*WHAT YOU WILL DO:*
Please write each record out again word for word.

[Records excerpted from a collection]
★ ★ ★ ★ ★

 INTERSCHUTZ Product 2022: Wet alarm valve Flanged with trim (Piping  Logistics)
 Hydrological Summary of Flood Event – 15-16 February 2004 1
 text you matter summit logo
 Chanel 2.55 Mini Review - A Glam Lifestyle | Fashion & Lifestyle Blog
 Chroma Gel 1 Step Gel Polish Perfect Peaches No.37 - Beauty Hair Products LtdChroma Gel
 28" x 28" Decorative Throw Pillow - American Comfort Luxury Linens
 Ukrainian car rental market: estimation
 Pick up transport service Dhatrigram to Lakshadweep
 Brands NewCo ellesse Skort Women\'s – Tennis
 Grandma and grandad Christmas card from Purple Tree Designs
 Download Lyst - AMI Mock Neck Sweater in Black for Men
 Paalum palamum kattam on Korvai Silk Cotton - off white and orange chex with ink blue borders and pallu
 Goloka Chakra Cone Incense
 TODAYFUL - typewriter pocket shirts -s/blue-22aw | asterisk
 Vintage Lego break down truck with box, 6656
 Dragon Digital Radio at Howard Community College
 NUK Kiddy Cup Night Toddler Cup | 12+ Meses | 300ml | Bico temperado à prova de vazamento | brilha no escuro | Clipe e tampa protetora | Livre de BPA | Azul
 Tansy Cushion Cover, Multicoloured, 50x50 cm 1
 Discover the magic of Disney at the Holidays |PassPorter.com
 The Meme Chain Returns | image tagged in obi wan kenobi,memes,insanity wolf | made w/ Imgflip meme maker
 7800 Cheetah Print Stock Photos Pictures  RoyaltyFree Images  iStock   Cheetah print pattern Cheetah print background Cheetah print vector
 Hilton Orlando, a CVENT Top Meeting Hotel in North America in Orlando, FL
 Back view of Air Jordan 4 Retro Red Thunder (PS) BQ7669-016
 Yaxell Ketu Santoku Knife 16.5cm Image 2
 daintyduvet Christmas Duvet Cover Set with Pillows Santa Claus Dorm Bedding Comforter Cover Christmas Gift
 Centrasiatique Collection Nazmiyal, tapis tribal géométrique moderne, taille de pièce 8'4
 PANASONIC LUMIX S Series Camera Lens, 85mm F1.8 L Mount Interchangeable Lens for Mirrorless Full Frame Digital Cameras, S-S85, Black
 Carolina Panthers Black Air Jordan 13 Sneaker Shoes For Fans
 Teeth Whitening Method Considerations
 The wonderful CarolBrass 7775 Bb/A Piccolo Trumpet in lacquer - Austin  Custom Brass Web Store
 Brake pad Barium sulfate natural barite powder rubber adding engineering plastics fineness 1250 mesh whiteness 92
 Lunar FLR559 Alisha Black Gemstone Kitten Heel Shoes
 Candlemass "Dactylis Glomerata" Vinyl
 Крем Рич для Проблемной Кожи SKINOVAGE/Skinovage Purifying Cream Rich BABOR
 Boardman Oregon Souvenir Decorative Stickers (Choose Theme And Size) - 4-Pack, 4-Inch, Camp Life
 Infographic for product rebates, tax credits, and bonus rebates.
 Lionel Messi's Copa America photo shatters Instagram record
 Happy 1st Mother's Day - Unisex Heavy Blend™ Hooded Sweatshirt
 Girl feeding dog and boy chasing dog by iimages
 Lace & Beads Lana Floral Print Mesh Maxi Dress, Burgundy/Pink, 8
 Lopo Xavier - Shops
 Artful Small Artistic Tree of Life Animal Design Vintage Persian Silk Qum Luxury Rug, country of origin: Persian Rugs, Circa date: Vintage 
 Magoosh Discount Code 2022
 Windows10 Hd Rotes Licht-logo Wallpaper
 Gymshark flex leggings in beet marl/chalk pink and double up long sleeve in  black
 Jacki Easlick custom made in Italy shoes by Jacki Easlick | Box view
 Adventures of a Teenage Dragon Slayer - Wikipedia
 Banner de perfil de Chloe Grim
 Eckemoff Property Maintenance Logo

★ ★ ★ ★ ★

*EXERCISE ANSWER:*
 INTERSCHUTZ Product 2022: Wet alarm valve Flanged with trim (Piping  Logistics)
 Hydrological Summary of Flood Event – 15-16 February 2004 1
 text you matter summit logo
 Chanel 2.55 Mini Review - A Glam Lifestyle | Fashion & Lifestyle Blog
 Chroma Gel 1 Step Gel Polish Perfect Peaches No.37 - Beauty Hair Products LtdChroma Gel
 28" x 28" Decorative Throw Pillow - American Comfort Luxury Linens
 Ukrainian car rental market: estimation
 Pick up transport service Dhatrigram to Lakshadweep
 Brands NewCo ellesse Skort Women\'s – Tennis
 Grandma and grandad Christmas card from Purple Tree Designs
 Download Lyst - AMI Mock Neck Sweater in Black for Men
 Paalum palamum kattam on Korvai Silk Cotton - off white and orange chex with ink blue borders and pallu
 Goloka Chakra Cone Incense
 TODAYFUL - typewriter pocket shirts -s/blue-22aw | asterisk
 Vintage Lego break down truck with box, 6656
 Dragon Digital Radio at Howard Community College
 NUK Kiddy Cup Night Toddler Cup | 12+ Meses | 300ml | Bico temperado à prova de vazamento | brilha no escuro | Clipe e tampa protetora | Livre de BPA | Azul
 Tansy Cushion Cover, Multicoloured, 50x50 cm 1
 Discover the magic of Disney at the Holidays |PassPorter.com
 The Meme Chain Returns | image tagged in obi wan kenobi,memes,insanity wolf | made w/ Imgflip meme maker
 7800 Cheetah Print Stock Photos Pictures  RoyaltyFree Images  iStock   Cheetah print pattern Cheetah print background Cheetah print vector
 Hilton Orlando, a CVENT Top Meeting Hotel in North America in Orlando, FL
 Back view of Air Jordan 4 Retro Red Thunder (PS) BQ7669-016
 Yaxell Ketu Santoku Knife 16.5cm Image 2
 daintyduvet Christmas Duvet Cover Set with Pillows Santa Claus Dorm Bedding Comforter Cover Christmas Gift
 Centrasiatique Collection Nazmiyal, tapis tribal géométrique moderne, taille de pièce 8'4
 PANASONIC LUMIX S Series Camera Lens, 85mm F1.8 L Mount Interchangeable Lens for Mirrorless Full Frame Digital Cameras, S-S85, Black
 Carolina Panthers Black Air Jordan 13 Sneaker Shoes For Fans
 Teeth Whitening Method Considerations
 The wonderful CarolBrass 7775 Bb/A Piccolo Trumpet in lacquer - Austin  Custom Brass Web Store
 Brake pad Barium sulfate natural barite powder rubber adding engineering plastics fineness 1250 mesh whiteness 92
 Lunar FLR559 Alisha Black Gemstone Kitten Heel Shoes
 Candlemass "Dactylis Glomerata" Vinyl
 Крем Рич для Проблемной Кожи SKINOVAGE/Skinovage Purifying Cream Rich BABOR
 Boardman Oregon Souvenir Decorative Stickers (Choose Theme And Size) - 4-Pack, 4-Inch, Camp Life
 Infographic for product rebates, tax credits, and bonus rebates.
 Lionel Messi's Copa America photo shatters Instagram record
 Happy 1st Mother's Day - Unisex Heavy Blend™ Hooded Sweatshirt
 Girl feeding dog and boy chasing dog by iimages
 Lace & Beads Lana Floral Print Mesh Maxi Dress, Burgundy/Pink, 8
 Lopo Xavier - Shops
 Artful Small Artistic Tree of Life Animal Design Vintage Persian Silk Qum Luxury Rug, country of origin: Persian Rugs, Circa date: Vintage 
 Magoosh Discount Code 2022
 Windows10 Hd Rotes Licht-logo Wallpaper
 Gymshark flex leggings in beet marl/chalk pink and double up long sleeve in  black
 Jacki Easlick custom made in Italy shoes by Jacki Easlick | Box view
 Adventures of a Teenage Dragon Slayer - Wikipedia
 Banner de perfil de Chloe Grim
 Eckemoff Property Maintenance Logo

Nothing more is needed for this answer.